When to Create Reflections
| Scenario | Reflection Type |
|---|
| Dashboard with aggregations (SUM, COUNT, AVG) | Aggregation reflection |
| Frequently queried subset of columns | Raw reflection with selected columns |
| Join between large tables | Raw reflection on the fact table with join columns |
| Filter on high-cardinality column | Raw reflection sorted by that column |
Aggregation Reflections
Best for dashboards and reports that repeatedly aggregate along the same dimensions.
ALTER TABLE nessie.silver.transactions
CREATE AGGREGATE REFLECTION txn_agg
USING DIMENSIONS (region, DATE_TRUNC('MONTH', event_date))
MEASURES (amount (SUM, COUNT, AVG), customer_id (COUNT));
Raw Reflections
Best for speeding up point lookups, filtered scans, or joins.
ALTER TABLE nessie.silver.transactions
CREATE RAW REFLECTION txn_raw
USING DISPLAY (transaction_id, customer_id, amount, event_date)
DISTRIBUTE BY (customer_id)
LOCALSORT BY (event_date);
Anti-Patterns
- Don't create reflections on everything — they consume storage and compute to maintain
- Don't duplicate the entire table — use column selection to reduce reflection size
- Monitor usage — check
sys.reflections to see which reflections are being matched
Partitioning Strategy
General Guidelines
| Table Size | Recommended Partitioning |
|---|
| < 100 GB | No partitioning needed |
| 100 GB – 1 TB | Single partition column (e.g., MONTH(date)) |
| 1 TB – 10 TB | Two-level (e.g., event_type + MONTH(date)) |
| > 10 TB | Consider BUCKET(n, id) for high-cardinality or three-level |
Rules
- Avoid over-partitioning. Each partition should contain at least ~100 MB of data. If partitions are too small, you get many tiny files → poor performance.
- Use transform functions.
MONTH(date) is almost always better than DAY(date) for event data.
- Partition by query patterns. If users always filter by
region, partition by region.
- Use LOCALSORT for secondary sort. If queries filter by date but also often filter by
user_id, partition by date and LOCALSORT by user_id.
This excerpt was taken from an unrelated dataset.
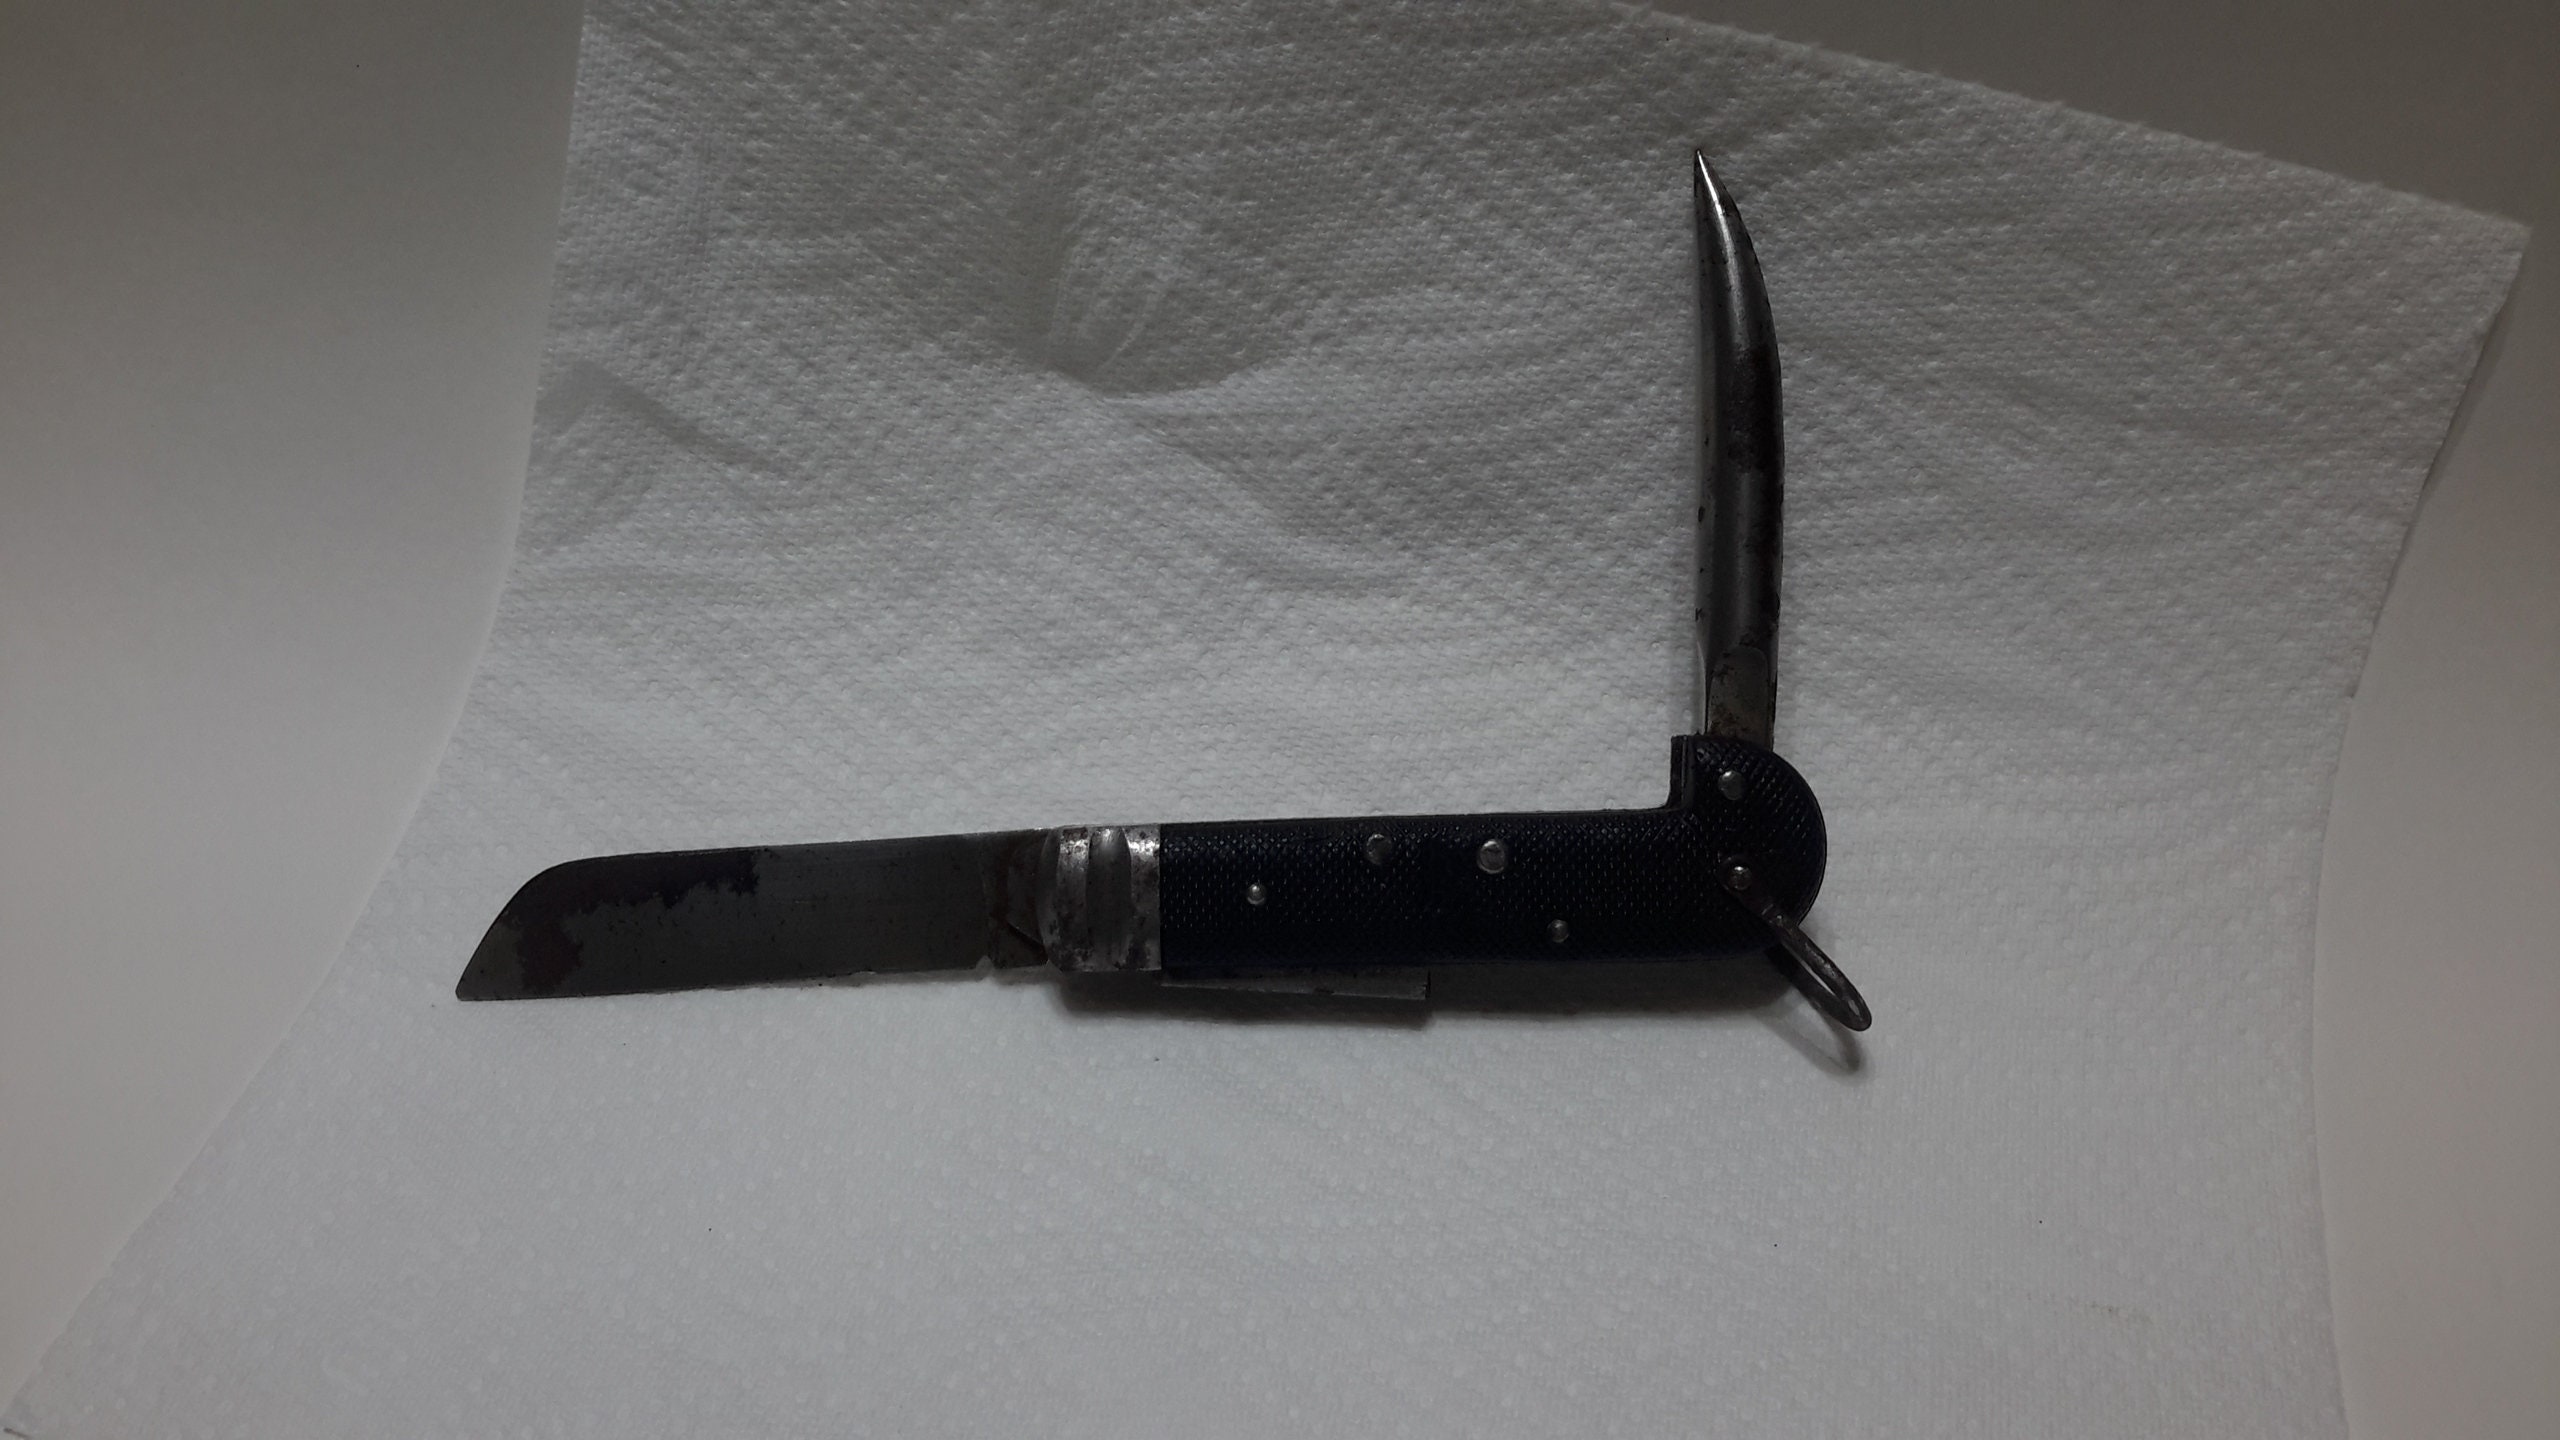 Army Knife From WW2 by Coricama Pocket Folding With Spike - Etsy

CREATE TABLE nessie.silver.events (
event_id BIGINT,
event_type VARCHAR,
user_id INT,
event_date DATE,
payload VARCHAR
) PARTITION BY (MONTH(event_date))
LOCALSORT BY (user_id);
Dimensional Modeling in Dremio
Star Schema Pattern
Build fact and dimension tables as Iceberg tables in Silver, then create Gold views that join them.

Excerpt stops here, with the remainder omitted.